UNR history professor Richard O. Davies took some of those points and ran a coast-to-coast fast break with them during a recent guest lecture at UNLV.

Davies, the author or editor of 12 books including "Betting the Line: Sports Wagering in American Life," drew a comparison between today's anti-gambling nuts, such as Stern, and another kind of zealotry prevalent in this country hundreds of years ago.

"The current opposition to sports betting is readily traceable to 17th-century New England," Davies said, calling sports betting foes "similar to the Puritans who tried to build a theocracy in the wilderness."

Davies also pointed out that sports betting has been "American as apple pie, an enjoyable leisure activity," since this nation's founding, and dismissed the NCAA's effort to ban betting on college sports as "rank hypocrisy."

The congressional measure introduced several years ago by Sen.

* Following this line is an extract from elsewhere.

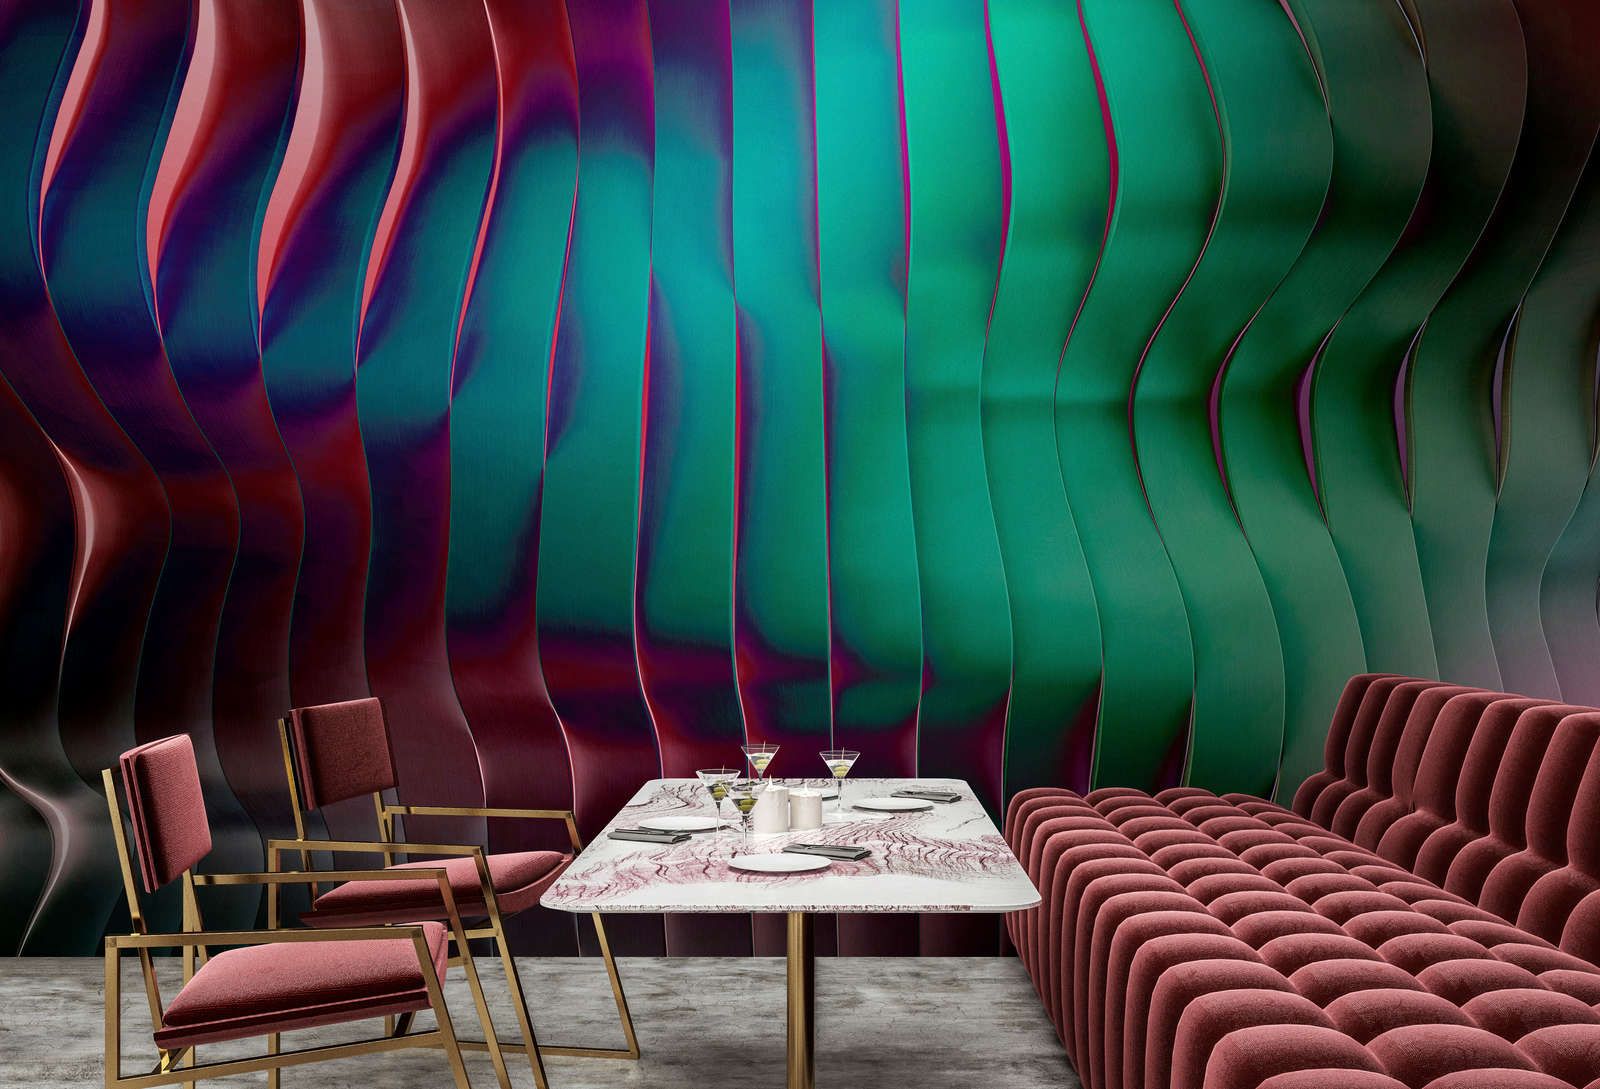             solaris 2 - Papel pintado fotográfico moderno con arquitectura ondulada - colores neón | tejido sin tejer mate, liso

John McCain that would ban betting on college sports in Nevada was backed by wannabe theocracy-builders such as the religious group Focus on the Family, Davies said.

"They were picking on one small state with only (five) congressional delegates to outflank," Davies said.

If the history of Nevada's relationship with the NCAA - a "self-serving cartel, a hypocritical, monopolistic, money-making machine," according to Davies - is any indication, the measure is likely to resurface in some form.

Davies recalled a speech he once made in Reno for a large group of NCAA officials.

"I concluded by saying if they want to eliminate campus bookies and minimize fixes ... they should lobby their state representatives to legalize sports betting in their states," Davies said.

"Since then, nothing has changed except the continued growth of the popularity of betting on sports."

Americans have immersed themselves in gambling since well before the rise of the NCAA, the NBA and other big-time sports organizations, Davies said.

In fact, Jamestown, the first British colony in America, was funded by the proceeds of a London lottery created by King James I.

"We were founded," Davies said, "on a bet."